The Linux kernel leverages constructs in the CPU to ensure that processes cannot perform these actions directly. The CPU that the system is running on is able to run instructions at different privilege levels. For Intel based processors these are generally referred to as rings. The Linux kernel itself runs in Ring 0, which is a privileged domain.
A note on terminology : Linux documentation will usually not refer to CPU privilege levels directly. Linux refers to User space which is Ring 3 (unprivileged) and Kernel space which is Ring 0 (privileged).
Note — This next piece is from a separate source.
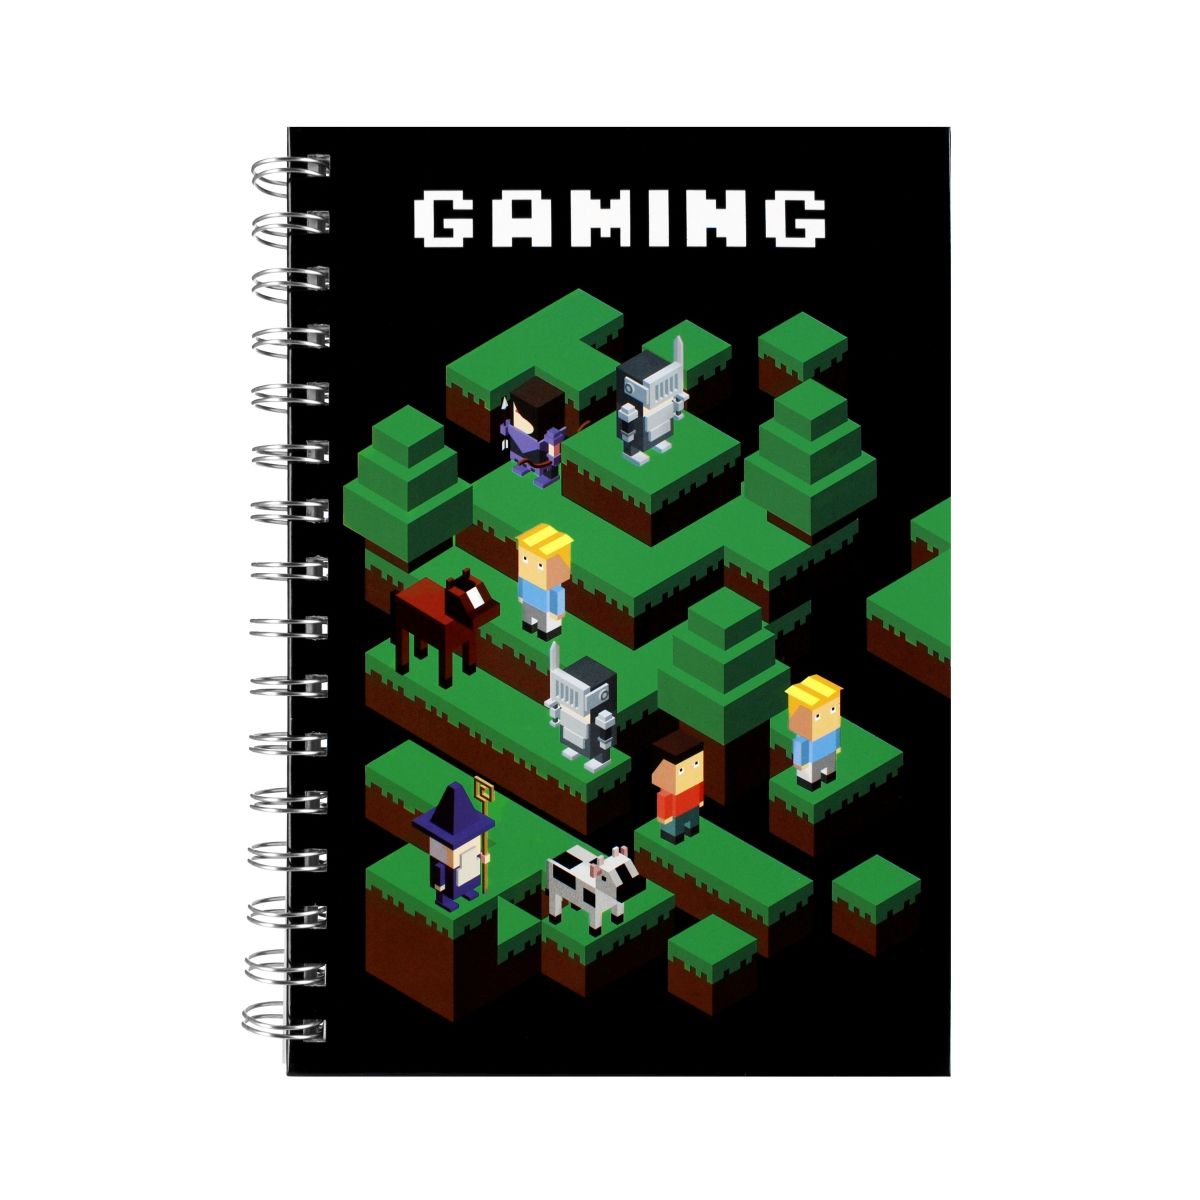 Notes Pixel  Game A5 Starpak (507481)

Processes run in user space and the kernel runs in kernel space.
For example, some operations that require Ring 0 privileges are,
- Run all instructions
- Write to all registers
- Modify current segment register
- Modify page tables (CR3 register)
- Register interrupt handlers
- Use IO instructions
These instructions and capabilities give the kernel full control over the system.
If we try to execute any of these as a process (that is, while running in User space / Ring 3), the CPU will trap our code (halt execution) and hand over control to the kernel to decide what needs to be done. Usually the kernel will terminate the process, log the event and optionally dump the whole memory image of the offending process to disk.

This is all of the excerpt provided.